Sonraki dönemlerde sarayın bültenine dönmüş kraliyet ve senatörlük kararlarının ilan mecrası olarak kullanılmış.

Kısaca Acta kayıtları denilen bu yayınların askeri, kentsel, ve yasal haberleri içeren formları da çıkmaya başlamış.

Roma imparatorluğu makamı İstanbul’a o gün ki adıyla Konstantinapol’e taşınınca Acta kayıtlarının yayımlanmasına son verilmiş.

Yasaklanmış mı dersiniz bilmiyorum ama ilk gazete ilk darbesini bu topraklarda almış ve gazetecilik o darbeleri almaya devam ediyor.

Kimi kaynaklar dünyanın ilk gazetesinin TchingPao’dur diyor ama belki de kâğıdı icat eden Çinliler olduğu içindir. ActaDiurna “Günlük Olaylar” TchingPao ise “Başkent Haberleri” anlamına geliyormuş.

Venedik Hükümeti’nin 16. Yüzyılda çıkardığı Notizie Şeritte “Yazılı Haberler” 1663 yılında İngiltere’de çıkan “The Intel Ligencer” ilk gazetelerden sayılabilecek diğer yayınlardır.

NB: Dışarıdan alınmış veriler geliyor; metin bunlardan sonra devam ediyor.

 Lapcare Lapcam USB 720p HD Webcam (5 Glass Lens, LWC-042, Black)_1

Şimdi gelelim 21 Ekim 1860’da kurulan ve kurulduğu tarih Dünya Gazeteciler Günü kabul edilen (bizden başka kabul eden var mı ki sanmıyorum) Tercuman-ı Ahval’e.

Agah Efendi ve Şinasi tarafından çıkarılan gazete başlarda sadece Pazar günleri çıkmaya başlamış 1861’e gelindiğinde 25. Sayısından sonra haftada 3 gün çıkmaya başlamış daha sonra Çıkan CerideiHavadis’le rekabet edebilmek için yayını haftada 5 güne çıkarmış.

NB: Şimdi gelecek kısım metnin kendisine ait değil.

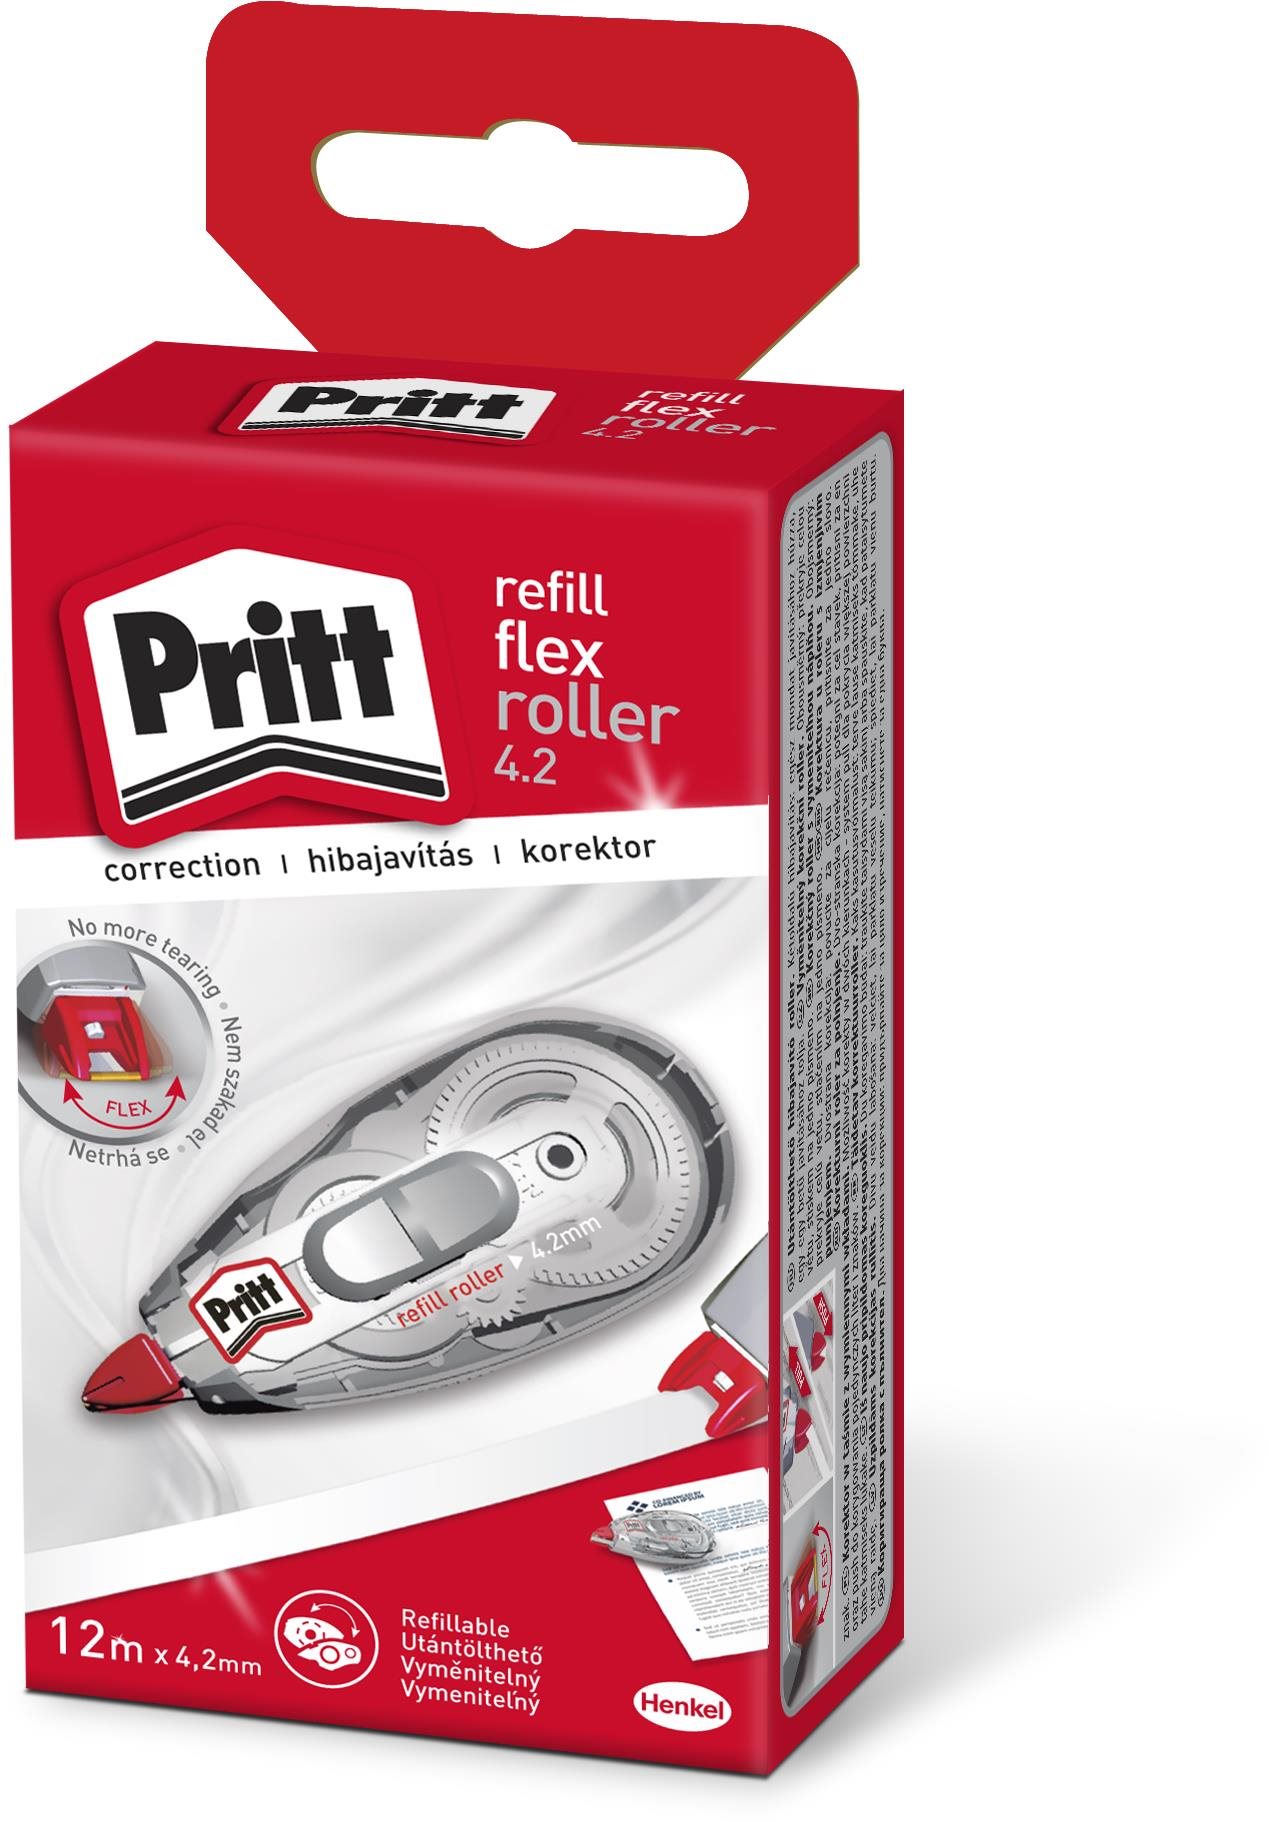 PRITT Hibajavító Flex roller cserélhető betéttel 12 m, 4,2 mm

Gazetede Ahmed Vefik Paşa, Ziya Paşa ve Refik Bey'in Osmanlı toplumunun geri kalma sebepleri ve memleketin ahvalini tartıştığı yazıları da yayınlanmaktadır.

Edebi eserlerin de yayınlandığı gazetede Türk edebiyat tarihinde ilk Türkçe oyun kabul edilen Şinasi’nin Şair Evlenmesi de bir dizi halinde yayınlanmıştır.

1861’de Ziya Paşanın yazdığı sanılan ve eğitim sistemine sert eleştiriler barındıran bir yazı gazeteye iki haftalık kapatma cezasına mal olur ki bu da Türk basınında ilk yayın durdurma cezasıdır. İlk sansürdür.

Gazete belirli şartlara dâhilinde iki hafta yasağın ardından sonra yeniden yayınlanır.

Tercüman-ı Ahval 11 Mart 1866'da 729. sayısından sonra yayınına son verir.

Tanzimat Dönemi aydınlarının görüşlerini paylaştıkları gazetenin ilk sayısındaki Şinasi’nin meşhur mukaddimesini okumanızı tavsiye ederim.

“Mâdam ki bir hey’et-i ictimaiyede (sosyal toplulukta) yaşayan halk bunca vezaif-i kanuniye ile mükelleftir (kanuna ait vazifeler ile yükümlüdür), elbette kalen ve kalemen (sözle ve kalemle, sözle ve yazı ile) kendi vatanının menafiine (yararına) dair beyan-ı efkâr etmeği ( fikirlerini açıklamayı) cümle-i hukuk-ı müktesebesindenaddeyler (kazanılmış hakları arasında görür).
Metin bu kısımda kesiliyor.